Сашка Лебедев - Астафьев Виктор Петрович 3 стр.


…Из темноты коридора возникли два солдата, один в кровище, почти без сознания, другой с орденами и медалями, страшно озабоченный. Они медленно и настойчиво продвигались к опрокинутому ящику. На нем сидела тетка с волосатой бородавкой на челюсти. Она ставила крестики на подорожных, выдавала по кругляшку мыла, с вазелиновую баночку величиной. После этого можно было уже беспрепятственно следовать туда, где призывным набатом гремели тазы, шумела вода, ахал и охал ошалелый от радости народ.

Им оставалось совсем недалеко до ящика, до тетки, но тут, на последнем рубеже, перехватил их банный чин, тот самый старший сержант, что выходил время от времени глашатаем на крыльцо:

— Э-э, орлы! Разок надули регистратуру, и хватит! Больше номер не пройдет! Понятно? В очередь, в очередь!

— Я бы твою маму! — прошипел Сашка и, потолкавшись еще меж народа, убедился, что с помощью «маневра» тут в самом деле не пролезешь. Он встал в очередь. Олег за ним.

Они проскучали еще часок. Олегу всадили второй укол против столбняка, потому что он не взял справку в санроте, где уже принял такой укол. У Сашки справка была, а укола не было, и он по этому поводу малость развеселился и сказал, что второй укол ставят вовсе не от столбняка, а от идеализма, только не говорят про это.

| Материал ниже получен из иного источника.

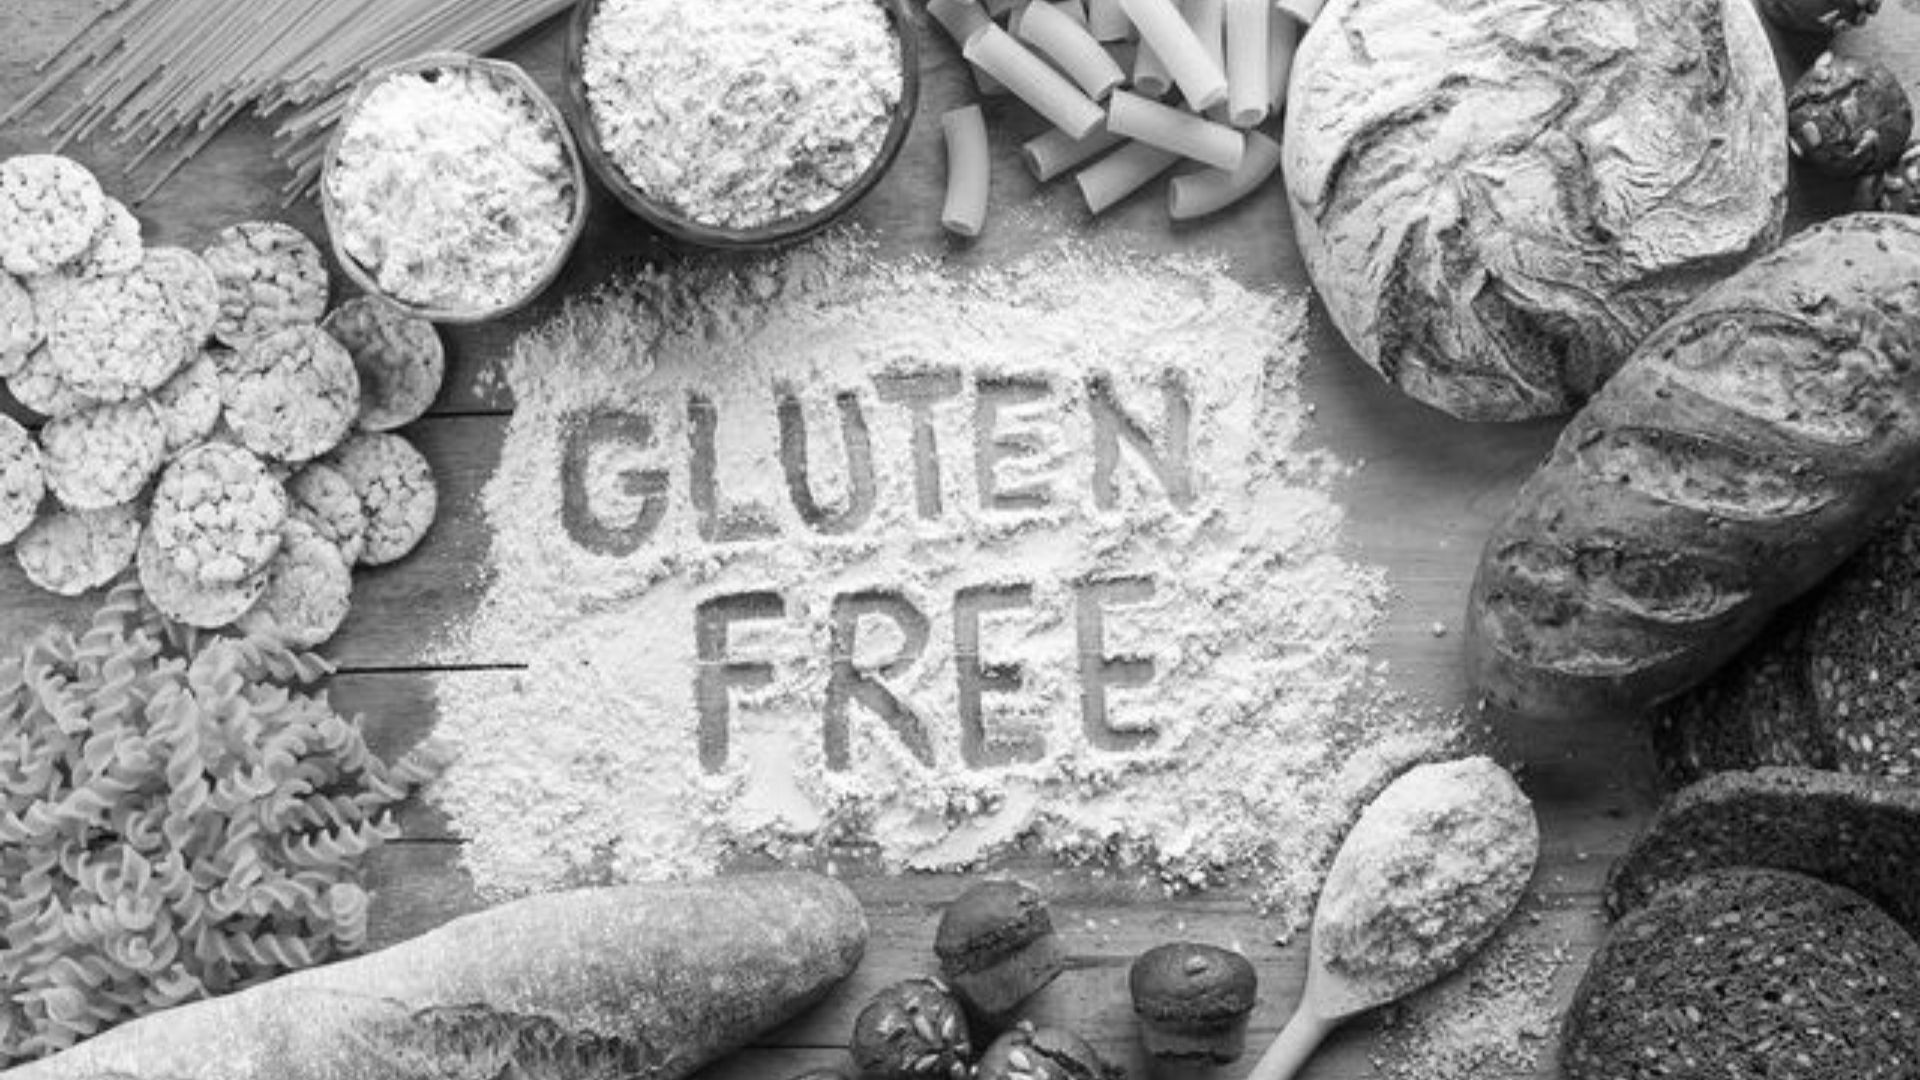 Gluten free?  Why?

Наконец Сашка и Олег попали в тошнотворно пахнущую прожарку. Стон и ругань стояли в прожарке. Люди раздевались, помогая друг другу. То и дело слышалось: «Куда лапами лезешь!», «Потерпи маленько!», «За рану не цапай!», «Ты чего шеперишься? Чего толкаешься в бок?», «О-о-ййй, гад! Где у тебя глаза-а?!», «Осторожно отдирай, осторожно. Отмочить бы… Рви! Не могу больше!»

Последнюю фразу в общем гаме разобрал только Сашка. Он помогал Олегу снять присохшую к плечу нижнюю рубашку. На носу Олега плясала бурая капля. По лицу катился крупным горохом пот. Сашка решился, рванул. Олег разом выпал из гимнастерки и из рубахи. Сашка метнулся в моечную, выхватил у кого-то таз, плеснул в него холодной воды и поднес солдатику. Олег хватал воду из таза губами, как телок, и со всхлипом кряхтел:

— Ничего, ничего… Сейчас пройдет…

Как снимал одежду Сашка, кто ему помогал, Олег не видел и не помнил. Сашка тоже пил из таза после того, как разделся, но пил через край, пил молча, и слышно было, как резиново скрипело его горло и квохтал кадык.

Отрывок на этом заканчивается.